Full decarbonization of the shipping sector requires ships that can run on ZCF, but it also requires massive volumes of ZCF to be produced and supplied to ports around the world. As the coronavirus began wreaking havoc, an international team of graduate students at Columbia’s SIPA, under the direction of Professor Jason Bordoff, dug into that supply-side challenge. For the report they produced for CATF in Spring 2020, the team interviewed dozens of industry stakeholders and conducted detailed assessments of the capacity for ZCF storage at major port systems in the United States (New York/New Jersey, Houston, and Los Angeles), the Netherlands (Rotterdam), the United Arab Emirates (Jebel Ali), Japan (Keihin/Tokyo Bay), China (Hong Kong and Shanghai), and Australia (Fremantle, Darwin, others), and Singapore.
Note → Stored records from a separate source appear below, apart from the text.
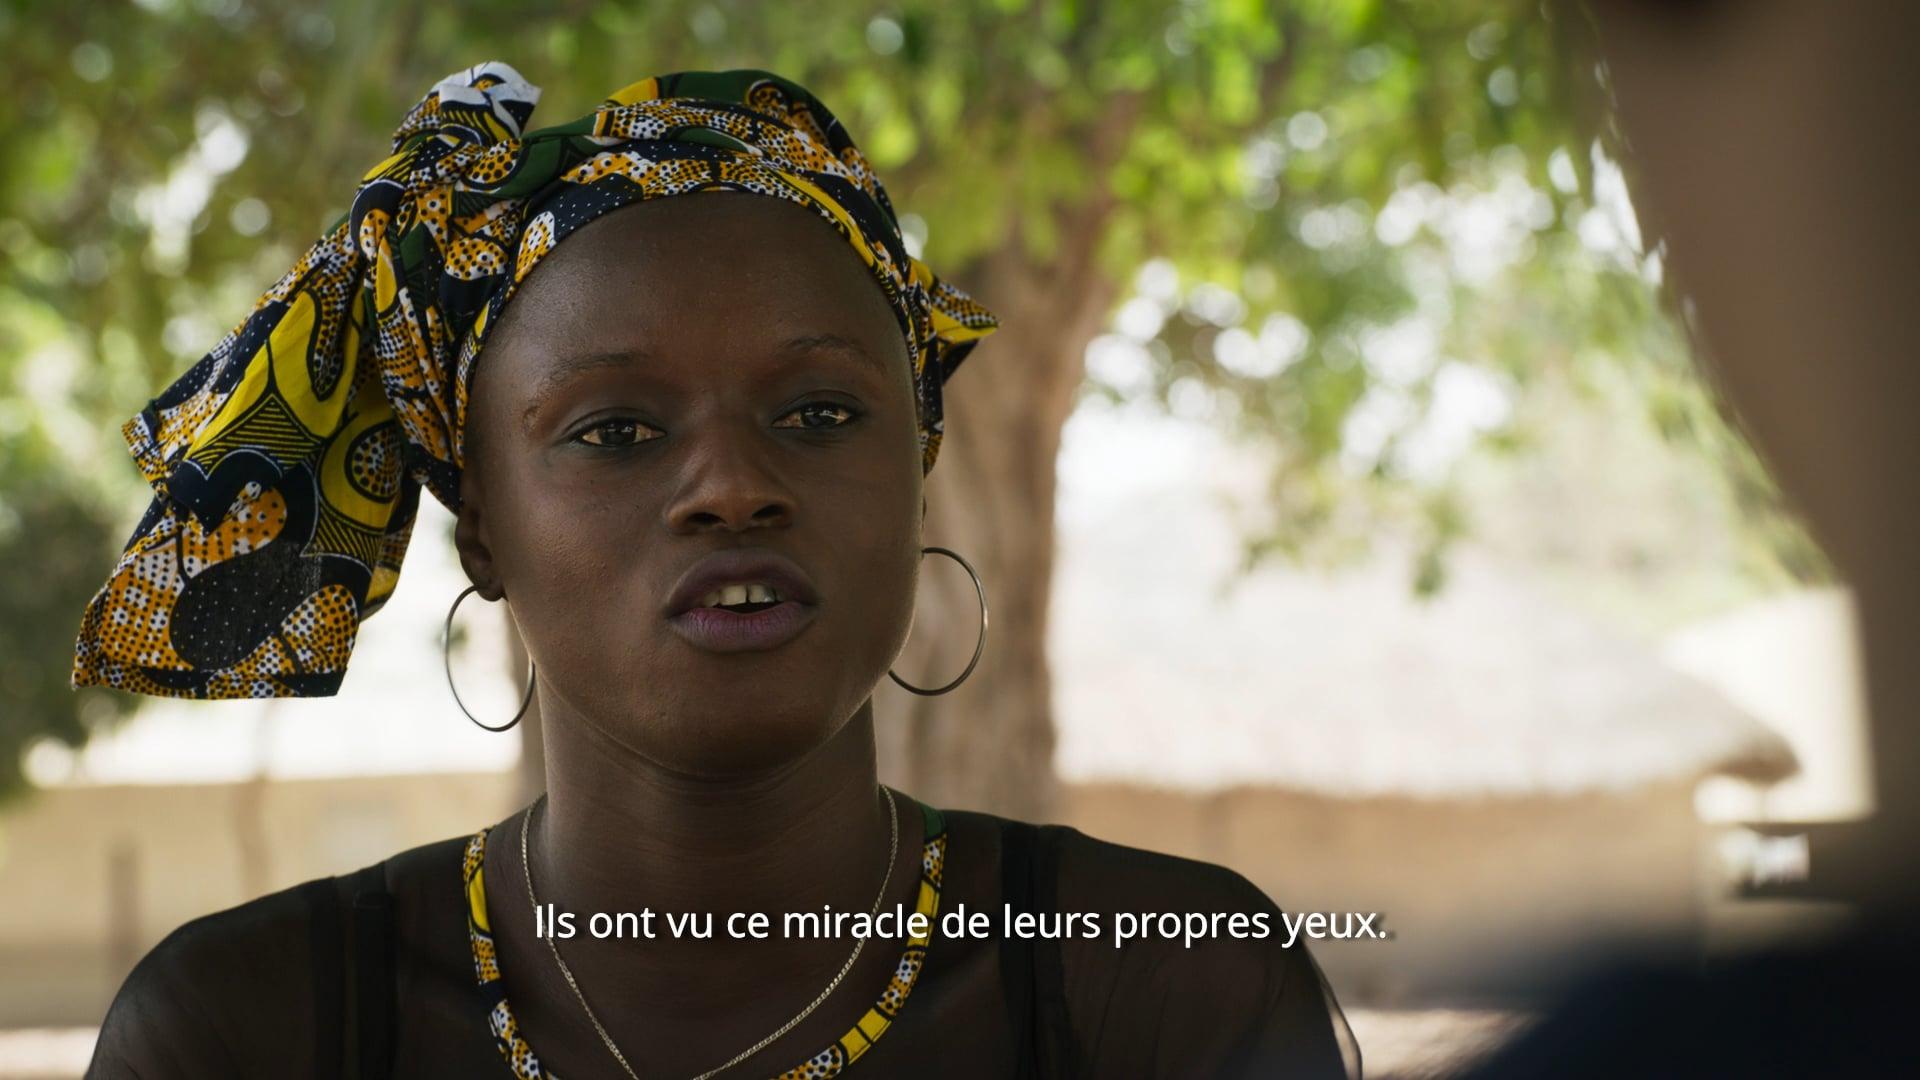 Trailer - À la recherche d'Aline by Rokhaya Marieme Balde
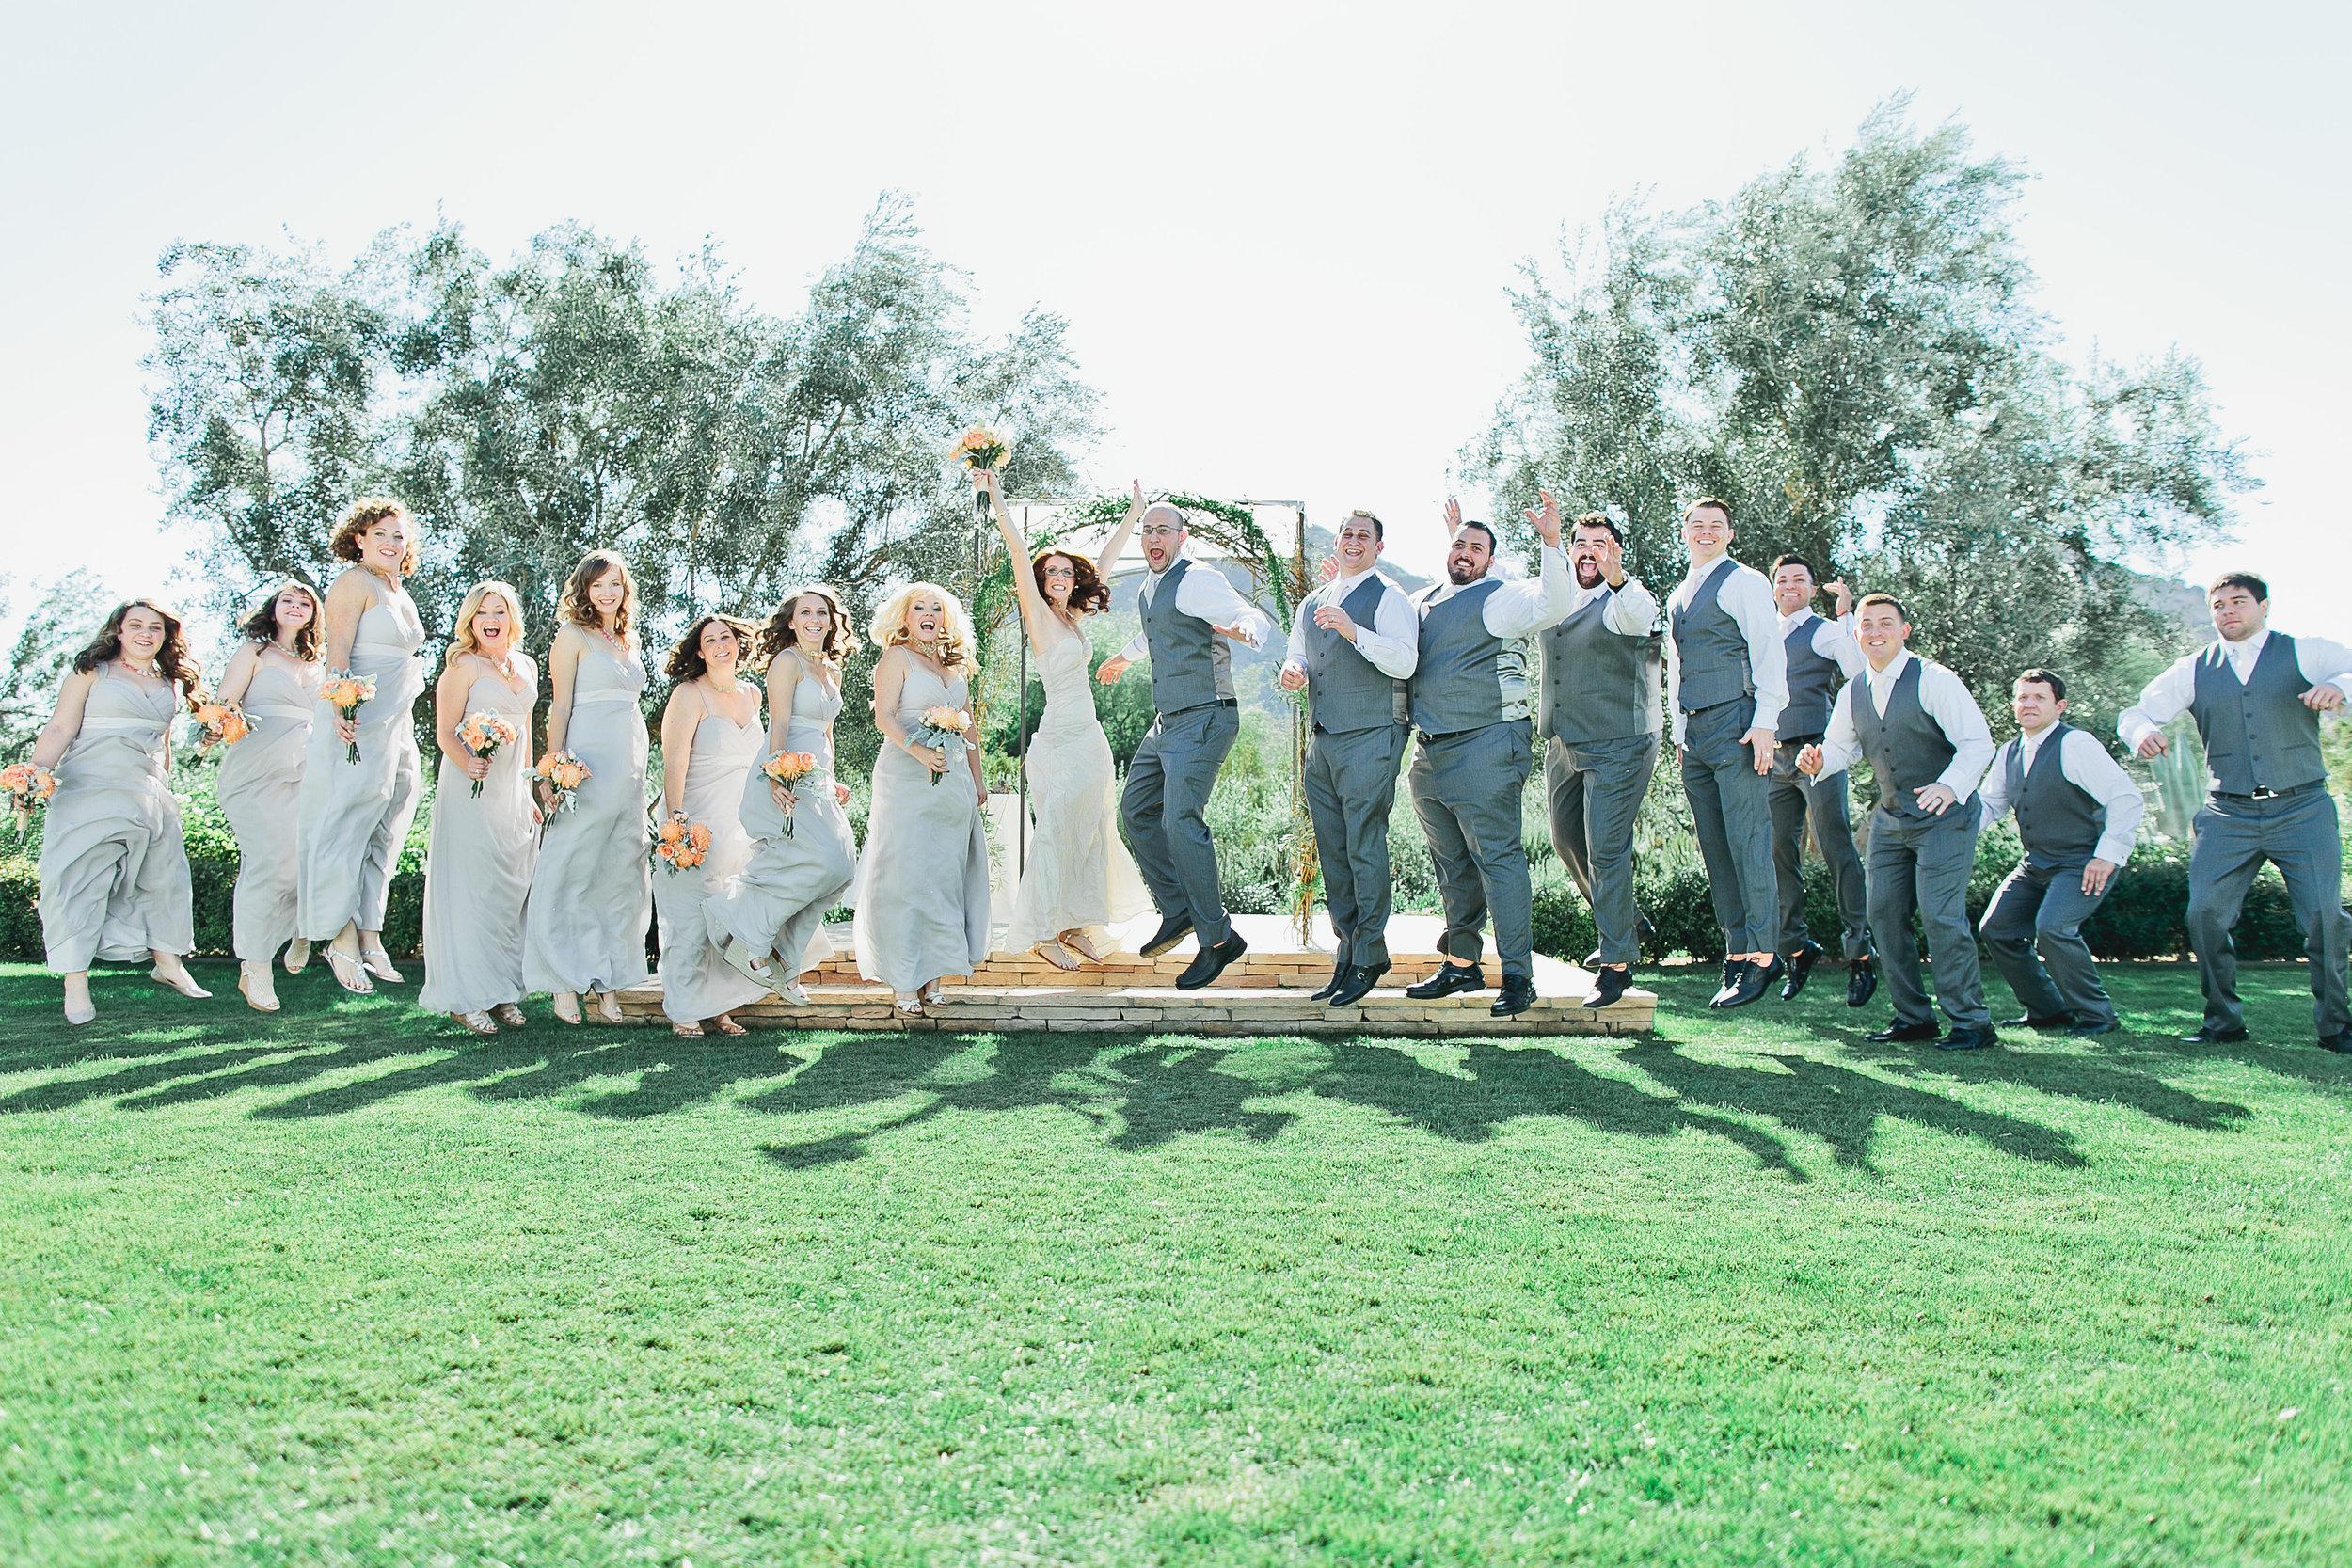 Simple Brunch Wedding at El Chorro in Paradise Valley, Arizona- Konsider It Done- AZ Arizona Wedding & Event Planner, Designer, Coordinator Planning in Scottsdale, Phoenix, Paradise Valley, Tempe, Gilbert, Mesa, Chandler, Tucson, Sedona
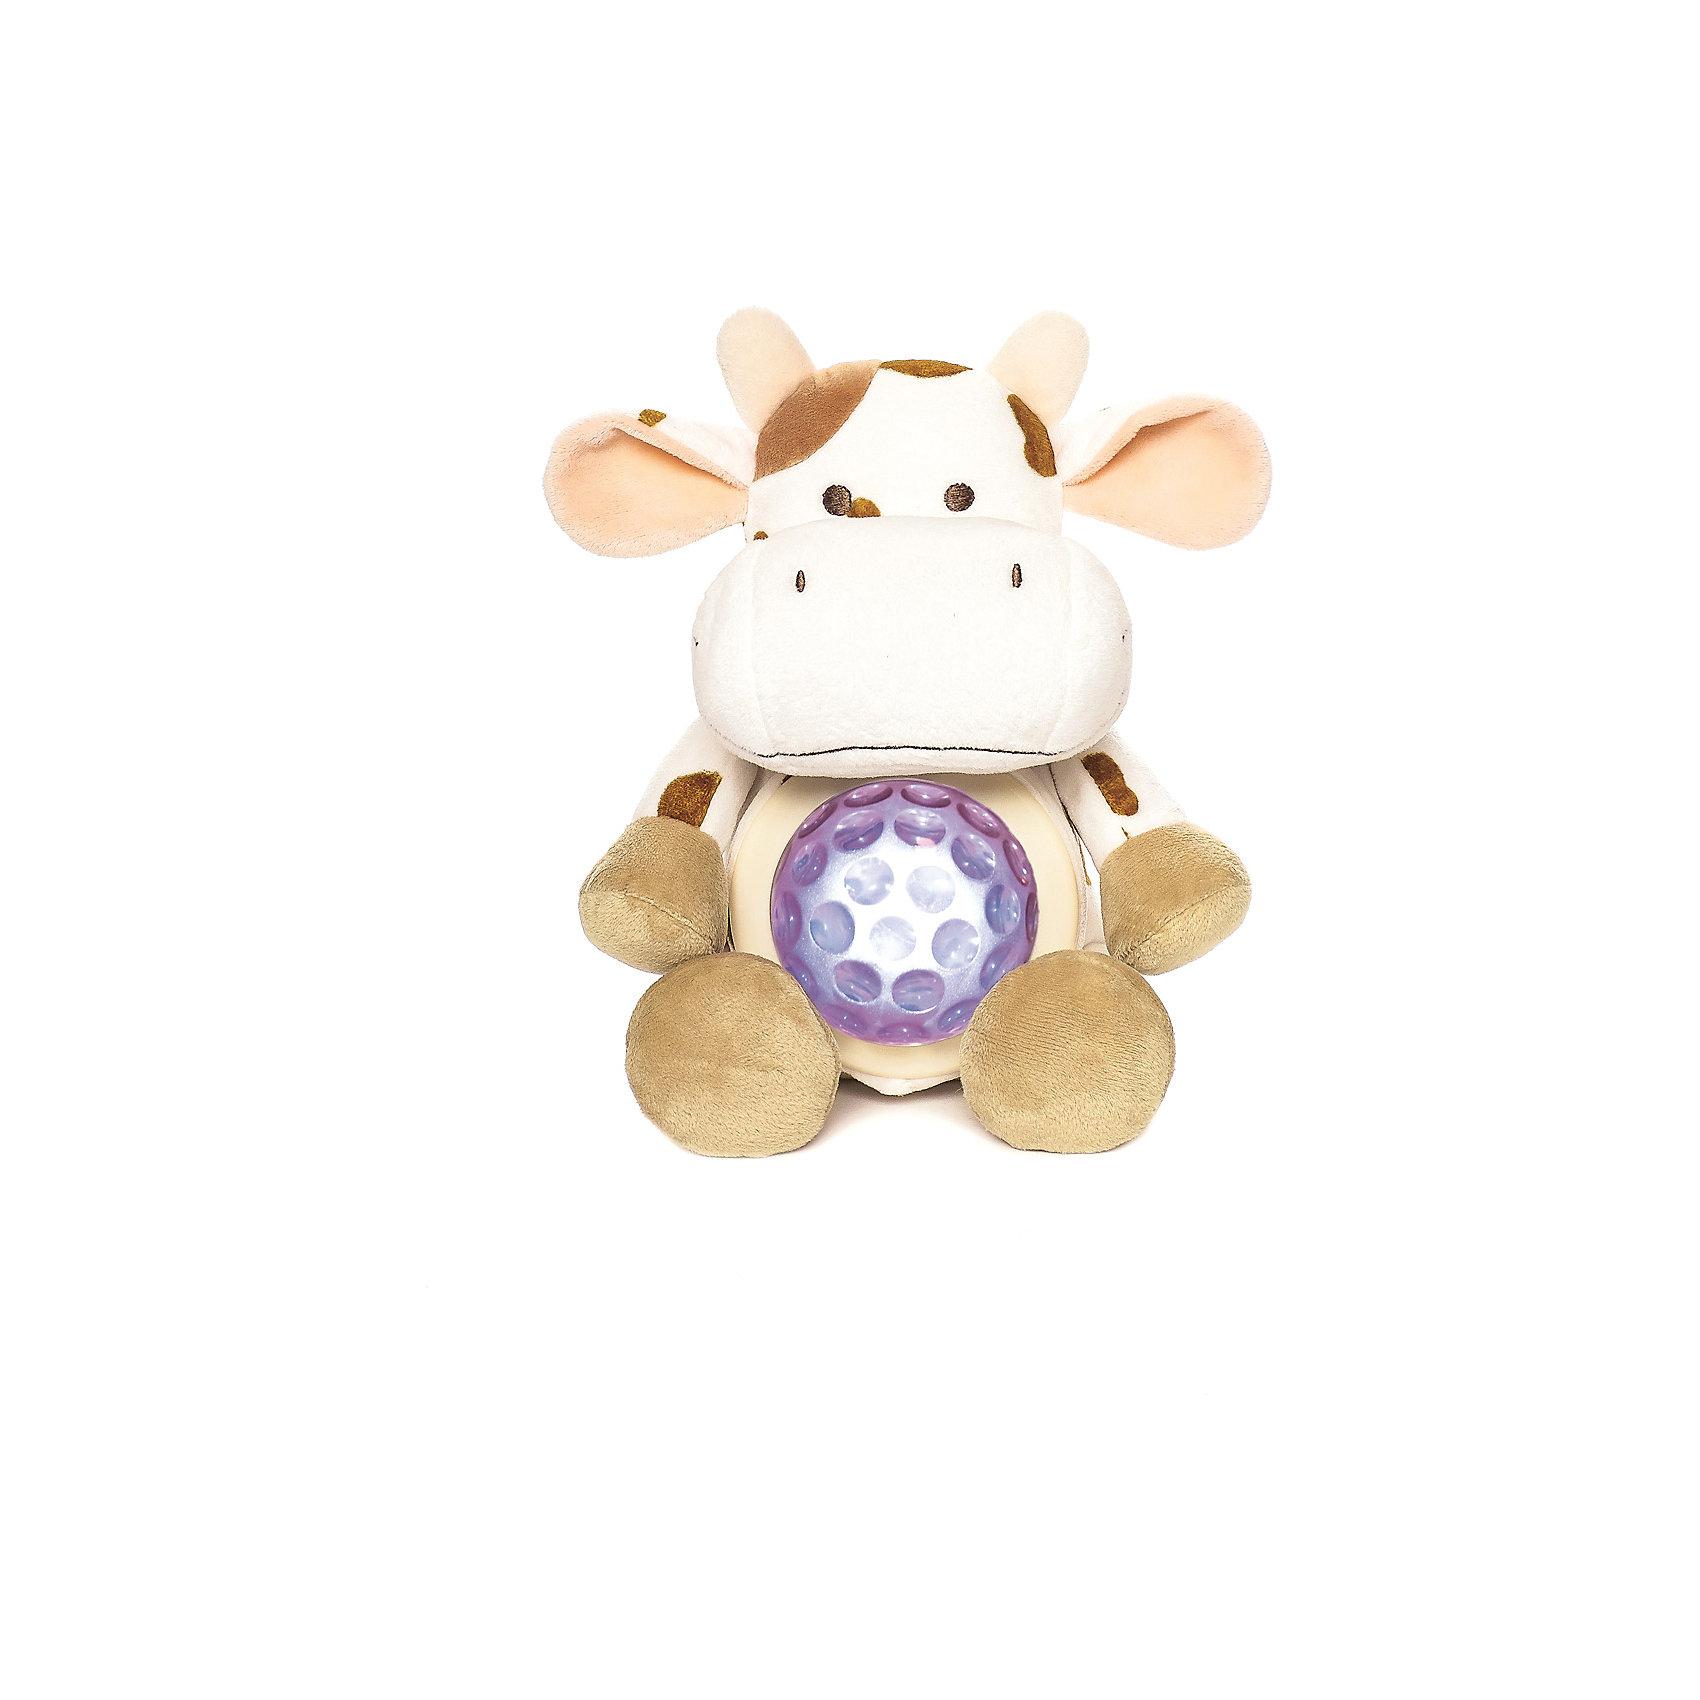 Teddykompaniet Ночник Корова, Динглисар, Teddykompaniet ночник bradex звездное небо

Because “multiple ports around the world will need to develop hydrogen-based fuel supply chains simultaneously in order to complete end-to-end zero-carbon fuel shipping routes,” the SIPA team also proposed steps the ports in their assessment can take to develop an Asia-Pacific Regional Network, an Americas Regional Network, and a Europe-Middle East Regional Network.
Finally, and most incisively, the report outlines five “actionable steps that major market movers – shipping companies, oil and gas, policymakers, etc. – could take” to improve ports’ capacity to deliver ZCF to the global fleet of transoceanic tankers, container ships, and bulk carriers:
Recommendation 1:Shipping regions, such as Europe, Southeast Asia, Asia-Pacific, or Northeast Americas, should establish trans-oceanic coalitions between government, energy industry companies, shipping companies, and financial institutions.
Recommendation 2: Shipping companies must partner with fuel suppliers aligned with the most relevant trade lanes through first-mover ports.
Recommendation 3: First-mover ports must work within their country or region to aggregate economy-wide demand for hydrogen fuels.
Recommendation 4: Fuel producers must coalesce around standard production methods for green hydrogen/ammonia while continuing to innovate.
Recommendation 5: Private and public capital must work with fuel producers to de-risk investments and lower the cost of capital for new fuel production and infrastructure.
CATF looks forwards to coordinating with port authorities, industry and government stakeholders, and our partners in the Climate Emergency Shipping Coalition to advance SIPA’s recommendations. The targeted development of a globally-networked supply of zero carbon shipping fuel is a critical pathway to expediting ZCF production and use worldwide, which could prove essential to eliminating greenhouse gas emissions from the transportation sector in general and from marine shipping in particular.